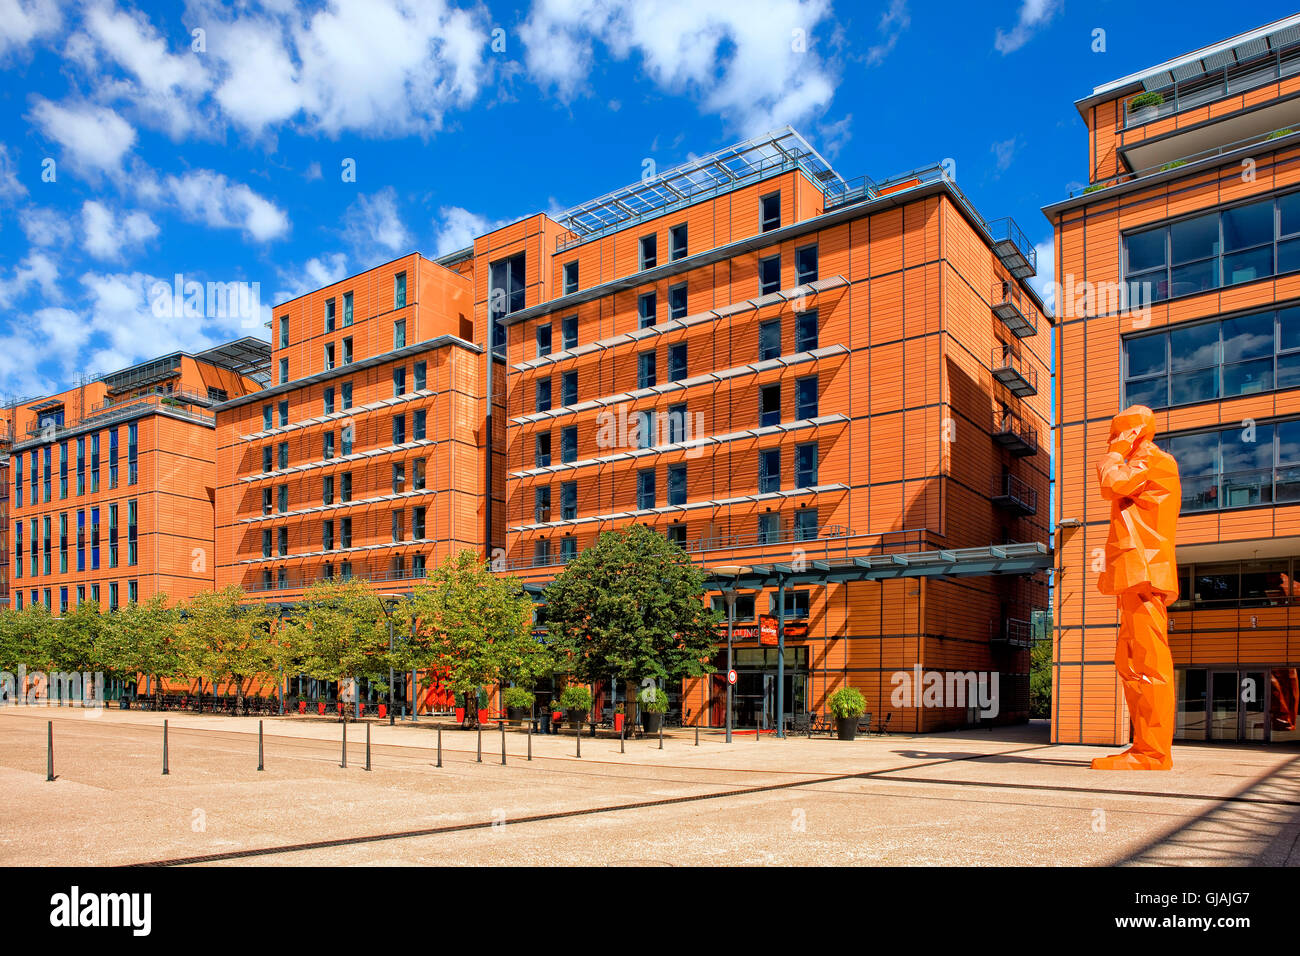 La arquitectura moderna en el cite Internatinale en Lyon, Francia. Imagen De Stock
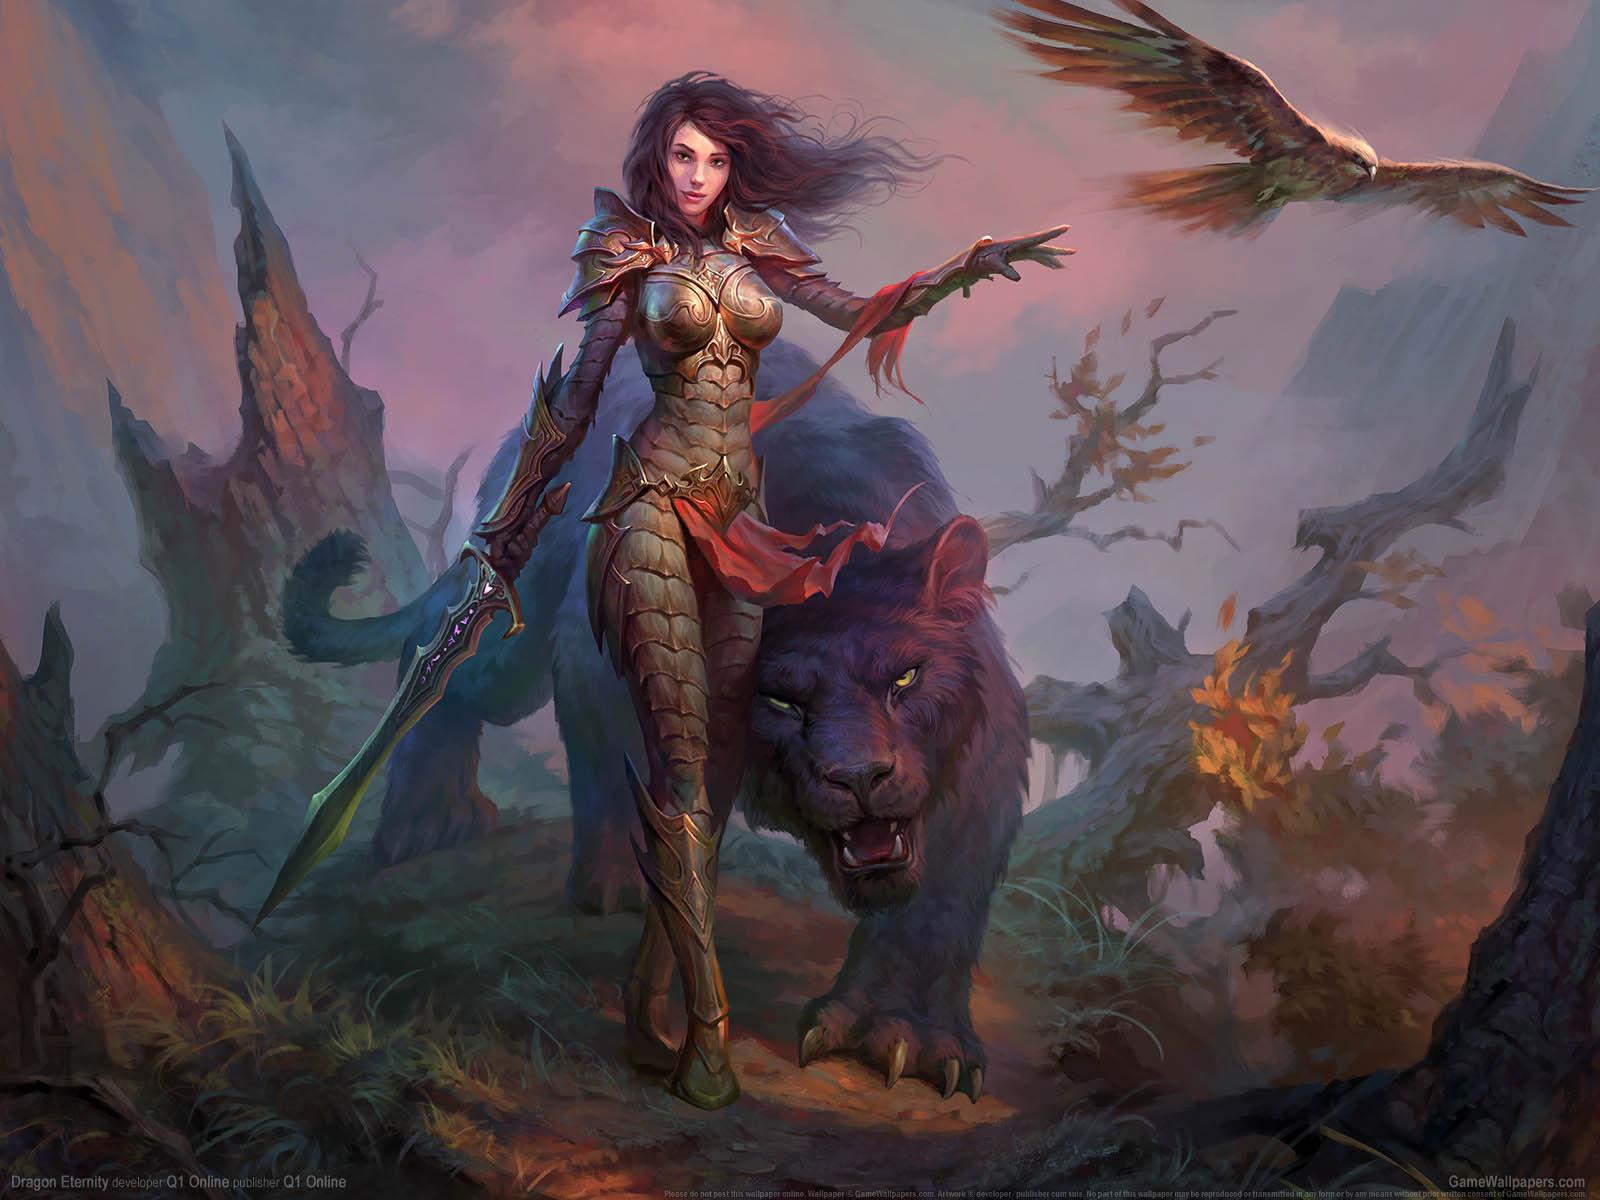 Dragon Eternityνmmer=09 achtergrond  1600x1200
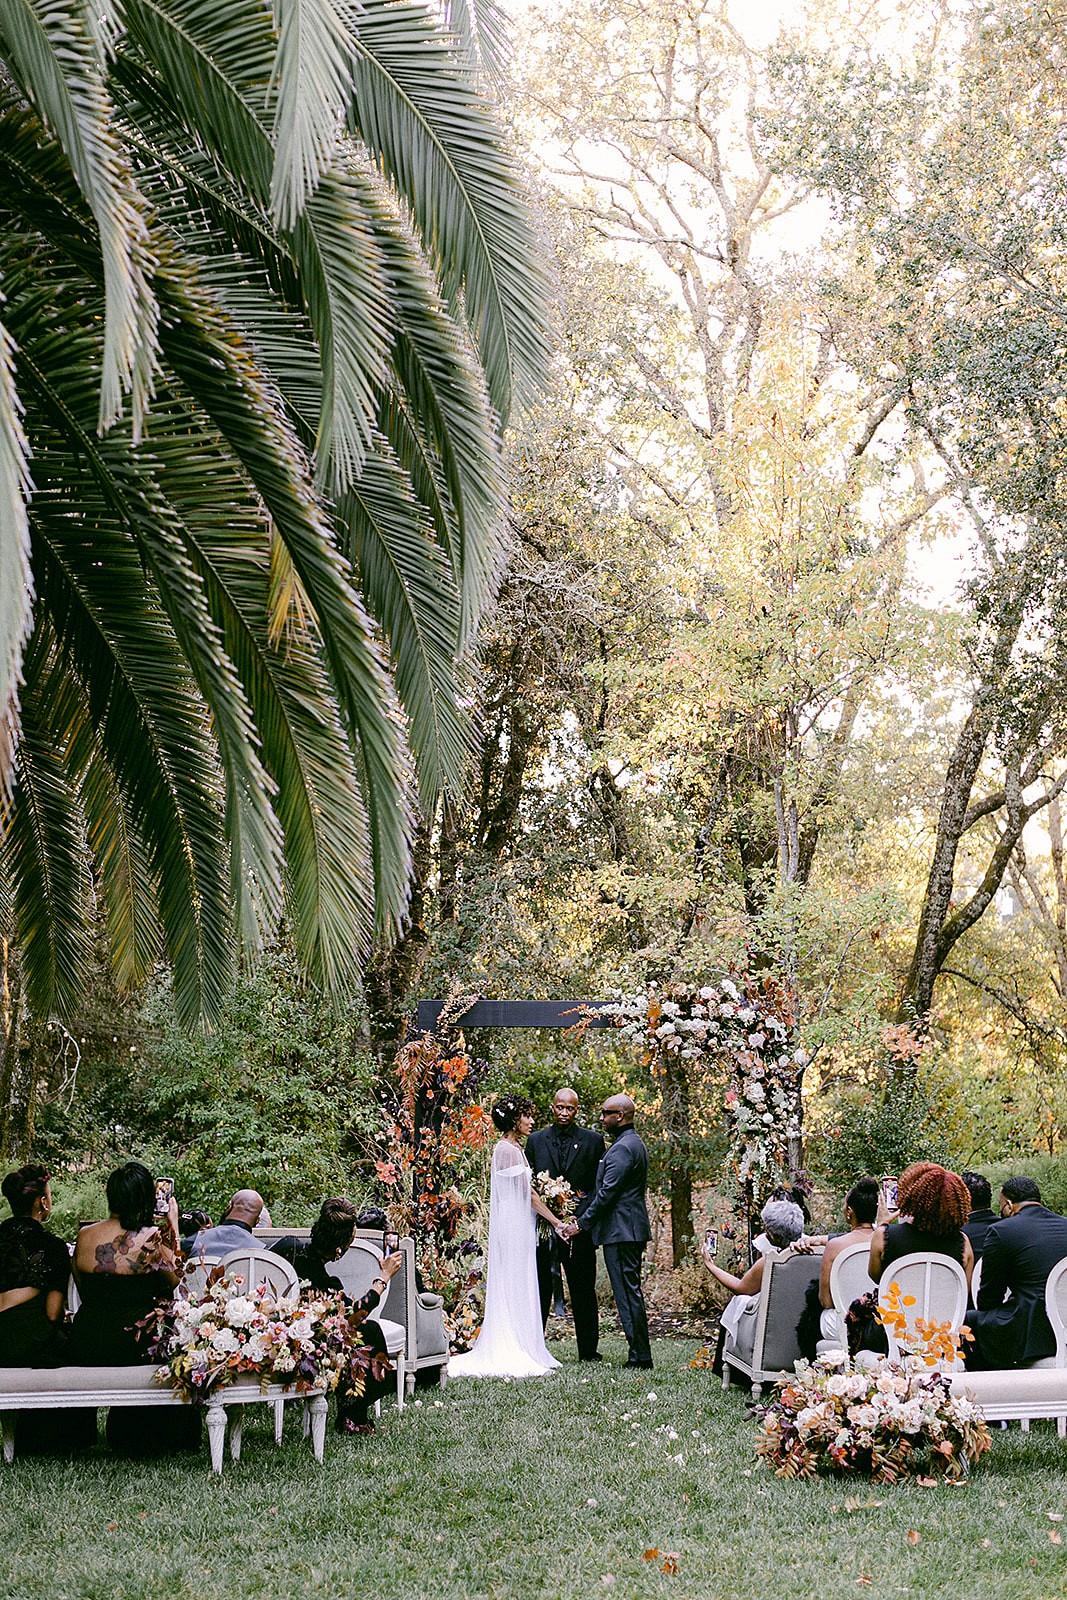 wedding traditions - Lea Stafford
_ _ _ _ _ _ _
_Task to complete:_ Copy everything in the listing above exactly except the pictures.

_Task answer:_
 La arquitectura moderna en el cite Internatinale en Lyon, Francia. Imagen De Stock
 Dragon Eternityνmmer=09 achtergrond  1600x1200
 wedding traditions - Lea Stafford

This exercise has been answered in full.